◆ **Task goal**
Please find the line that holds "MARY-LOU Pink - GOTS" below and reproduce it, along with every line after it through the end, exactly and without pictures.

◆ **Recorded data**

= = = = = = =

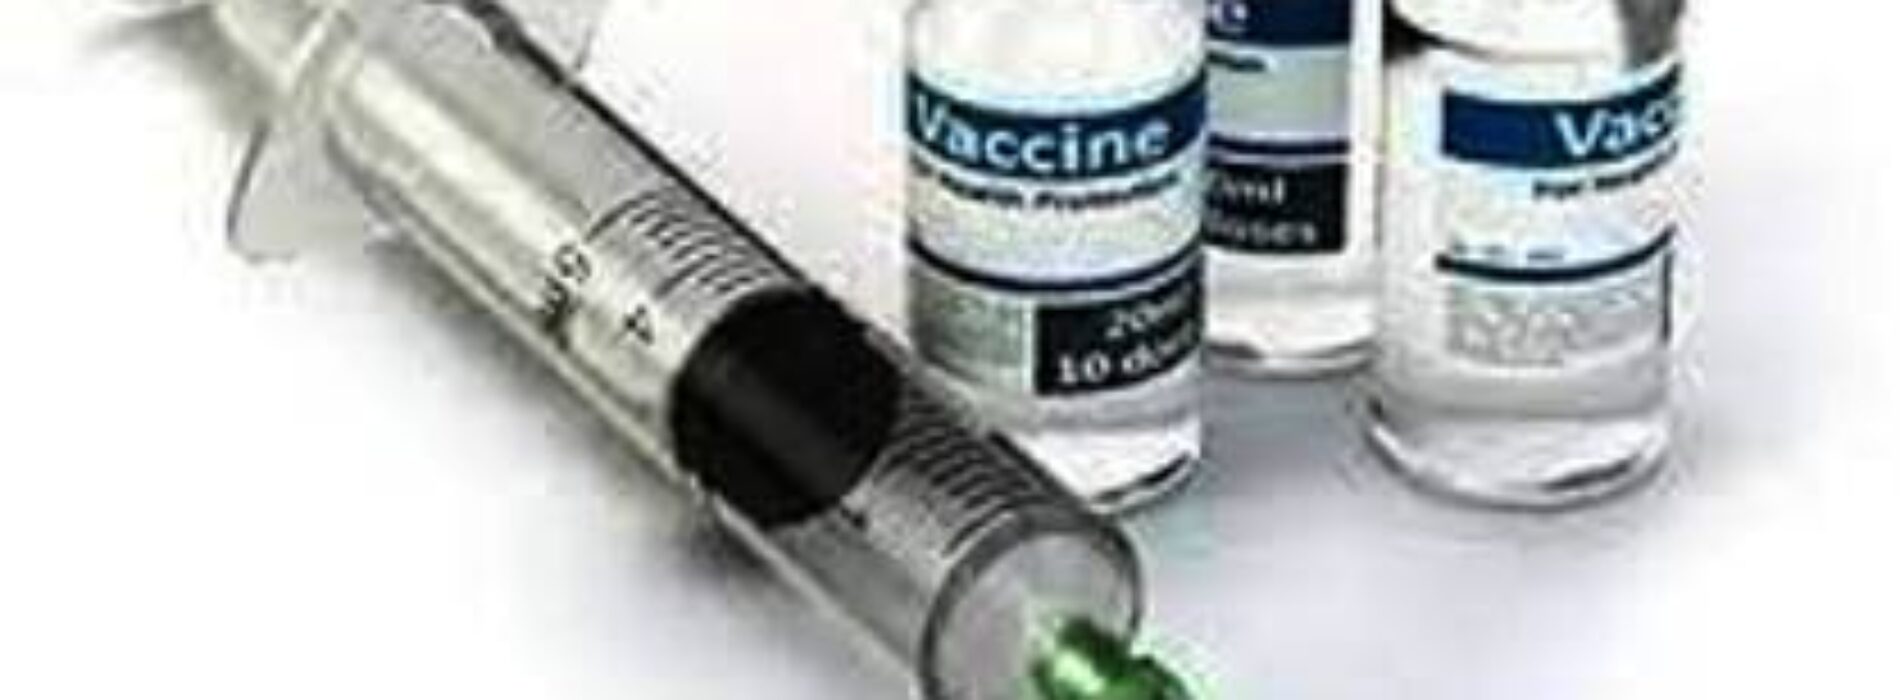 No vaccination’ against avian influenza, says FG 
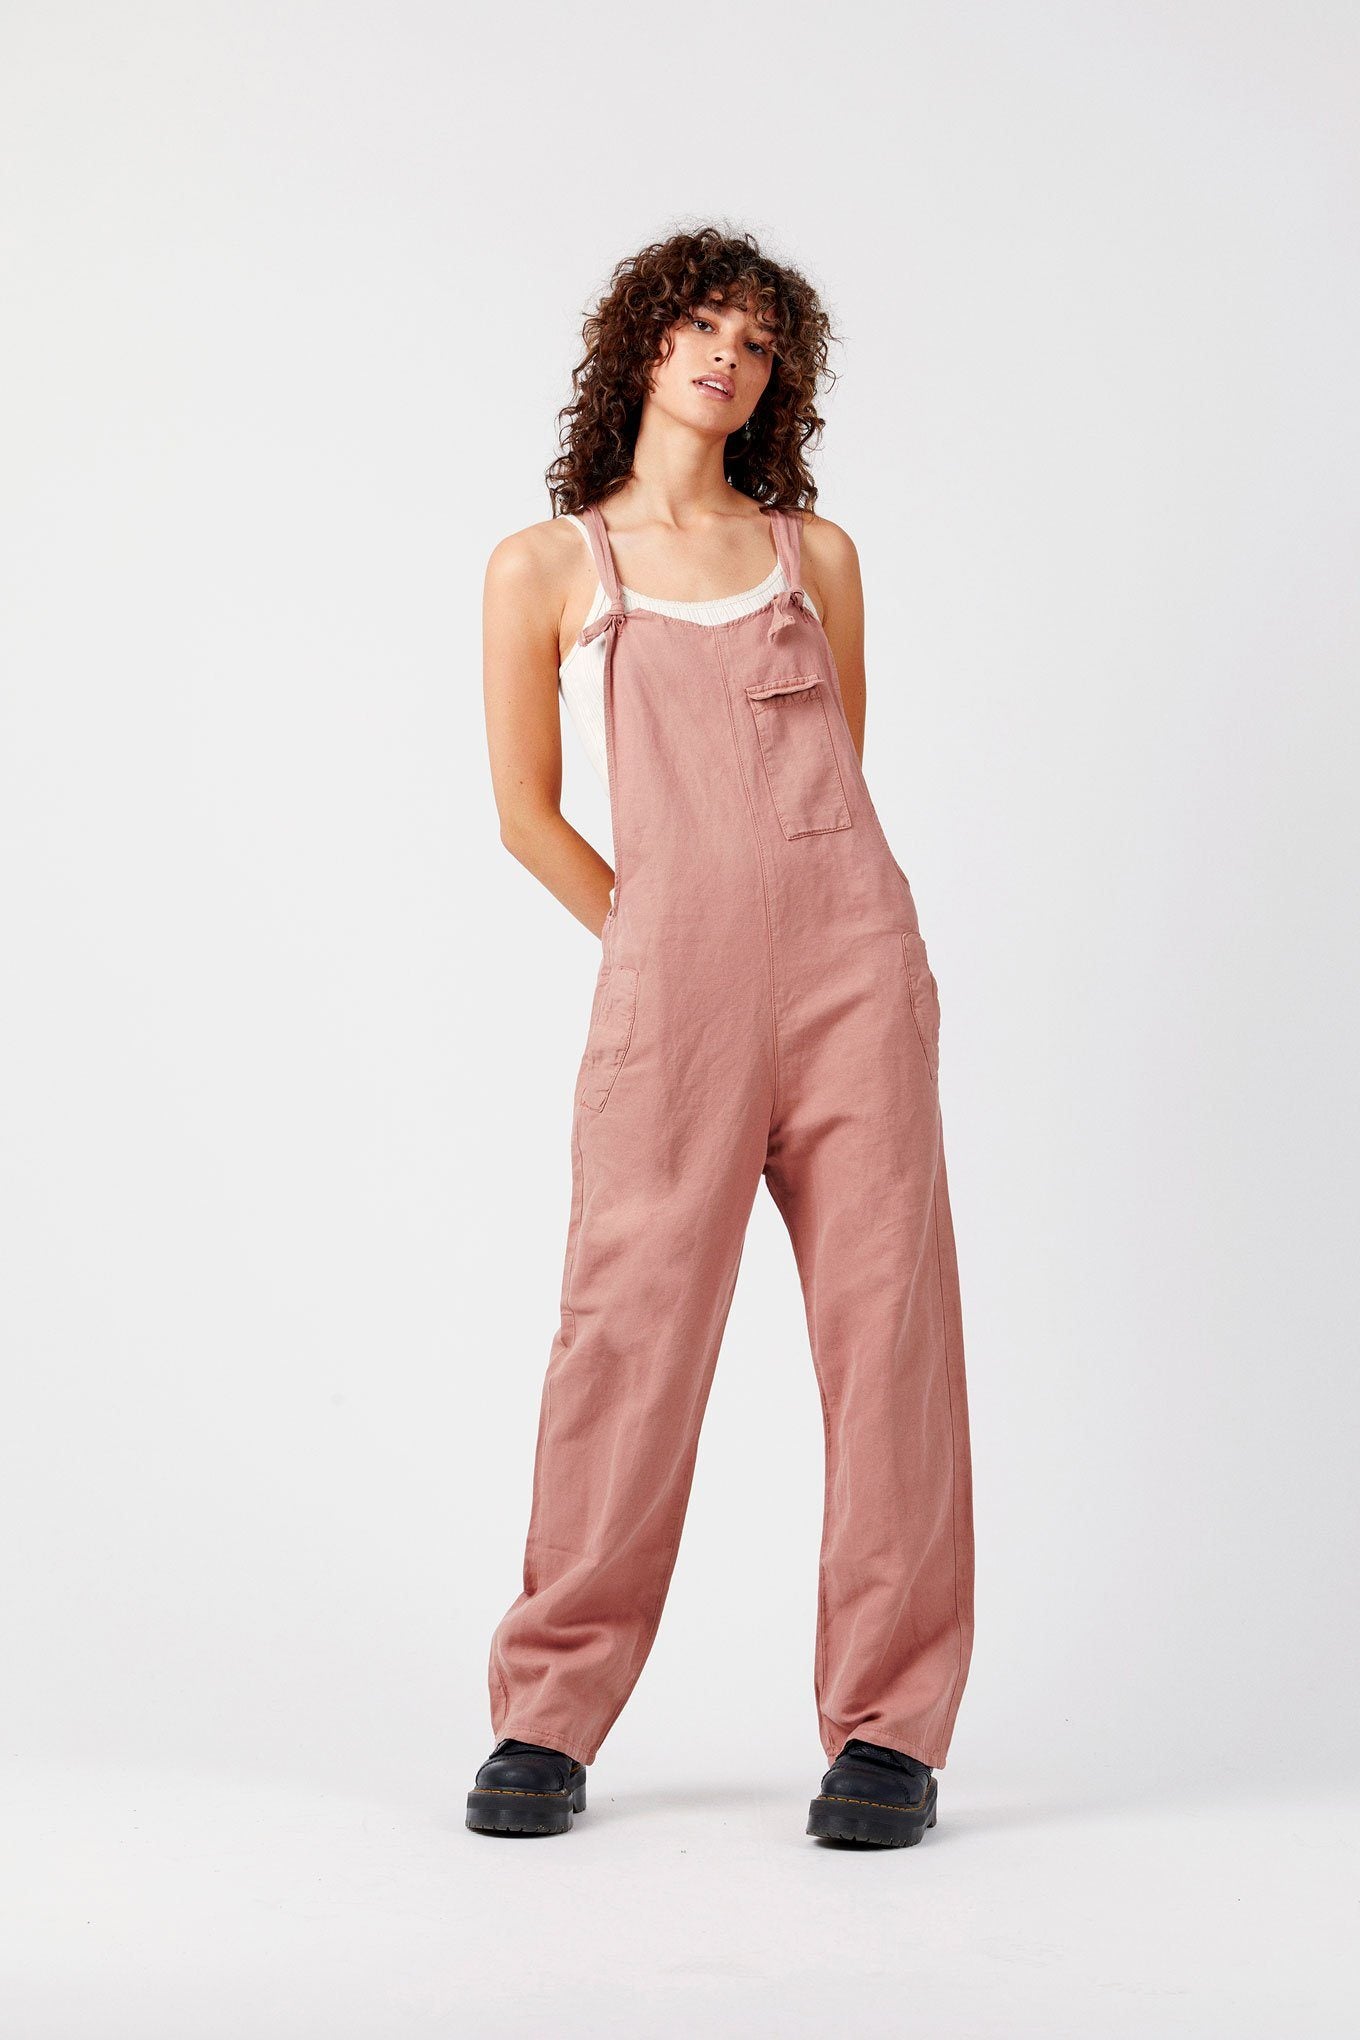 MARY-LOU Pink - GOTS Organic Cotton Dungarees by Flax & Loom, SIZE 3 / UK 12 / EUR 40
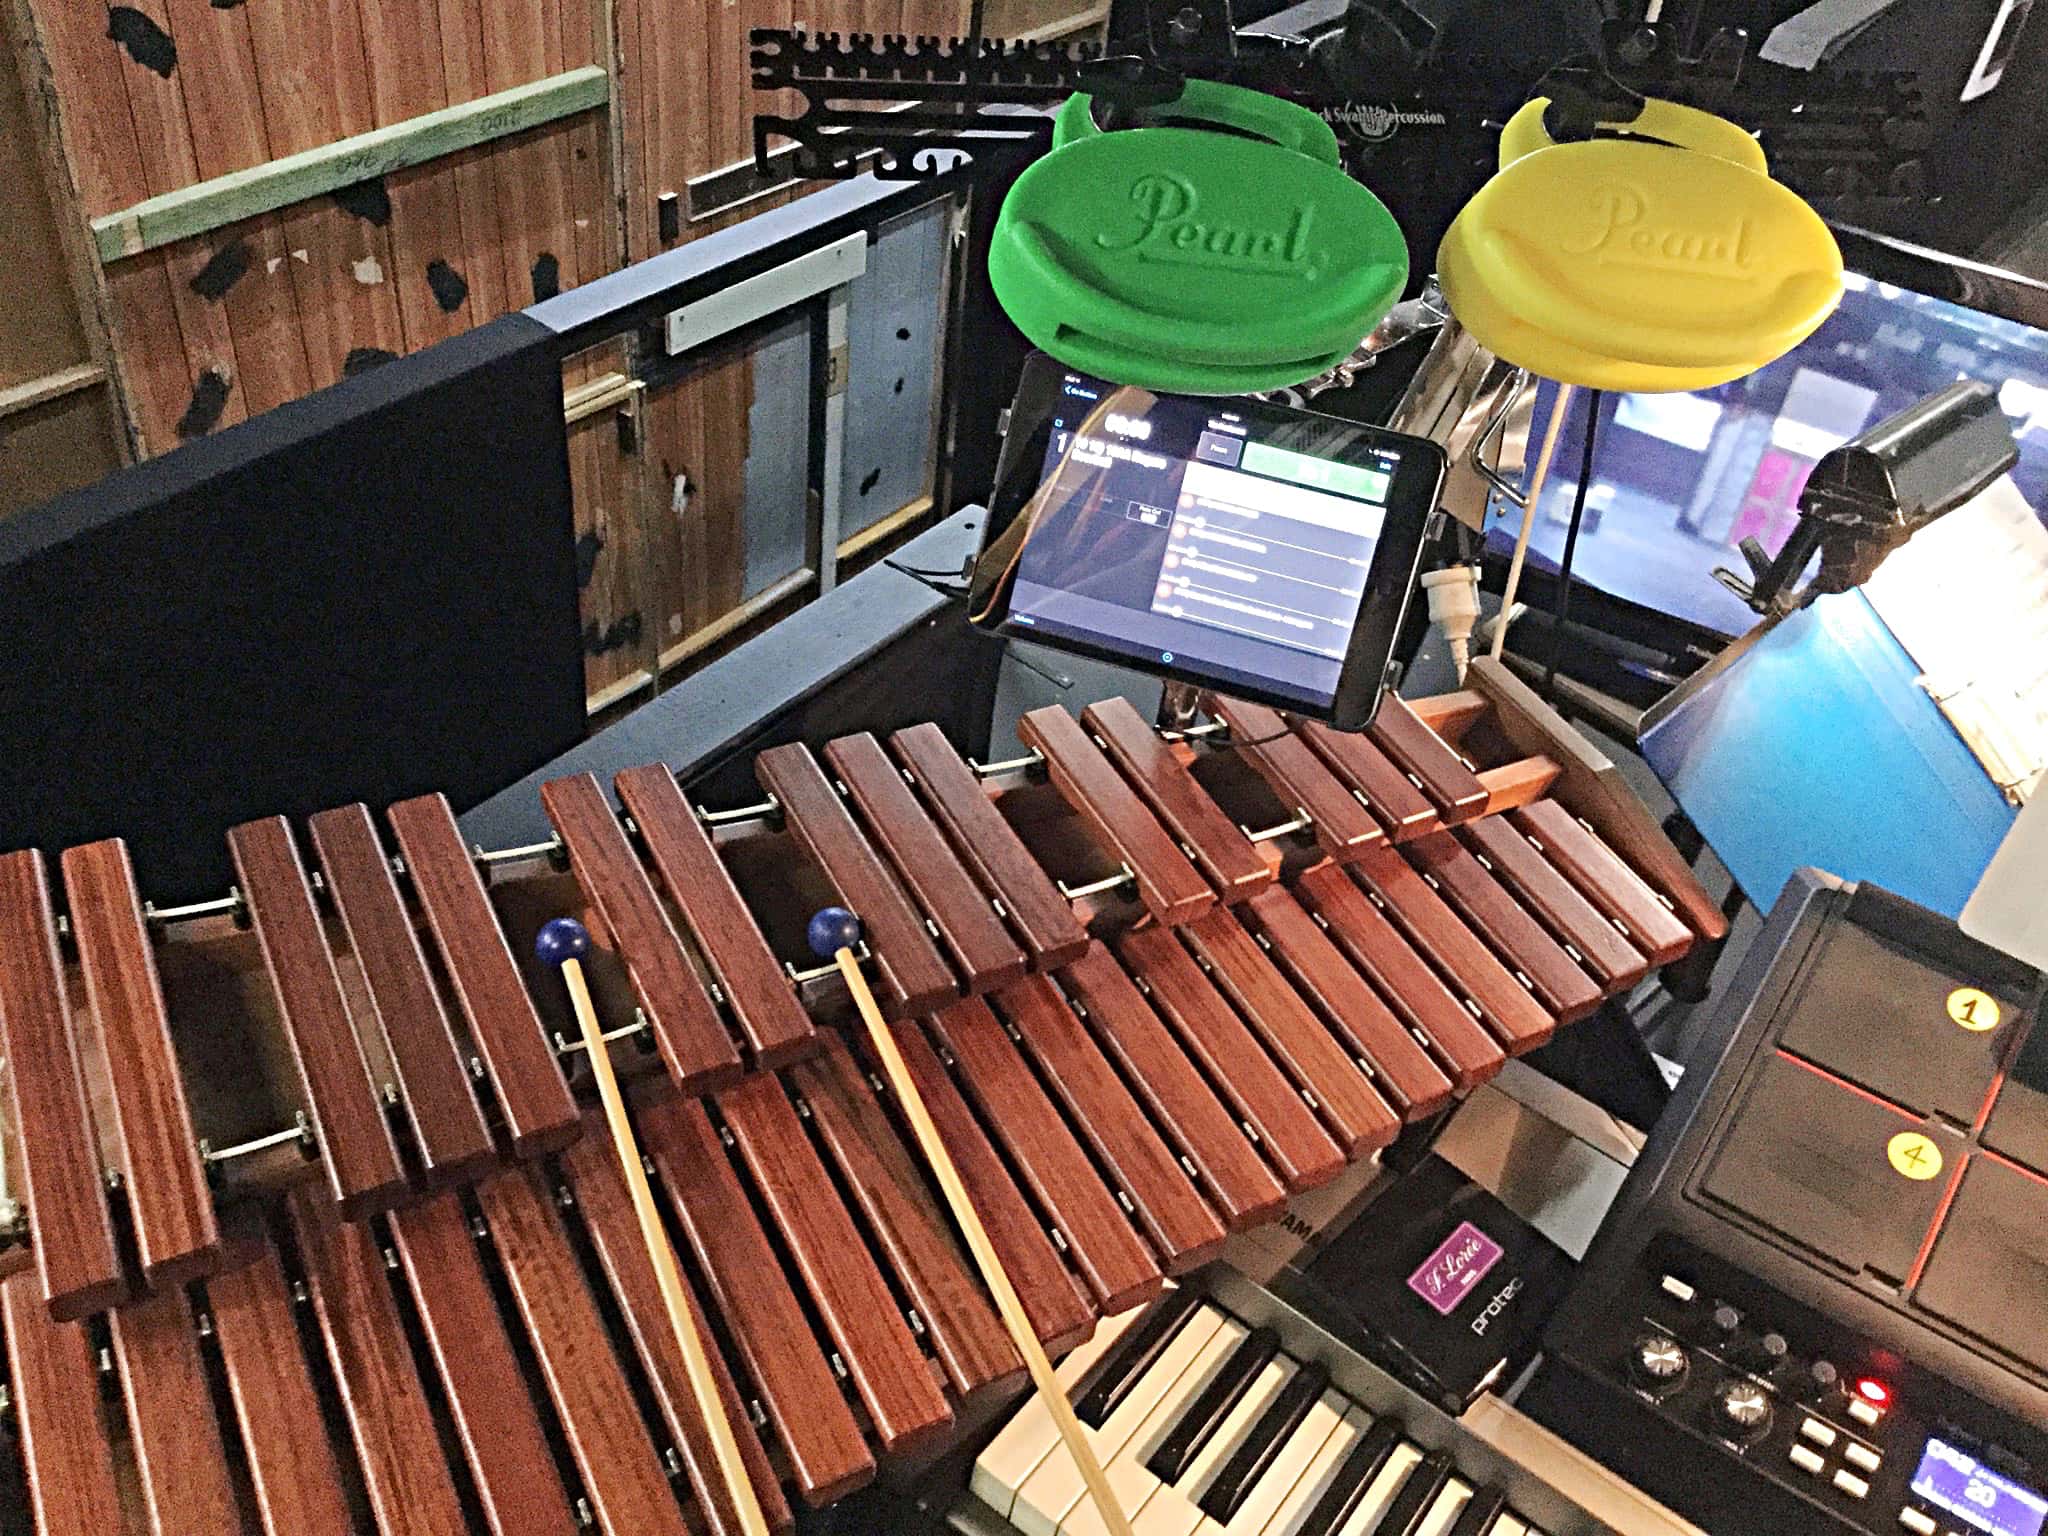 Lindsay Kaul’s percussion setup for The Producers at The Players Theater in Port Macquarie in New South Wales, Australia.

= = = = = = =

◆ **Result**
 MARY-LOU Pink - GOTS Organic Cotton Dungarees by Flax & Loom, SIZE 3 / UK 12 / EUR 40
 Lindsay Kaul’s percussion setup for The Producers at The Players Theater in Port Macquarie in New South Wales, Australia.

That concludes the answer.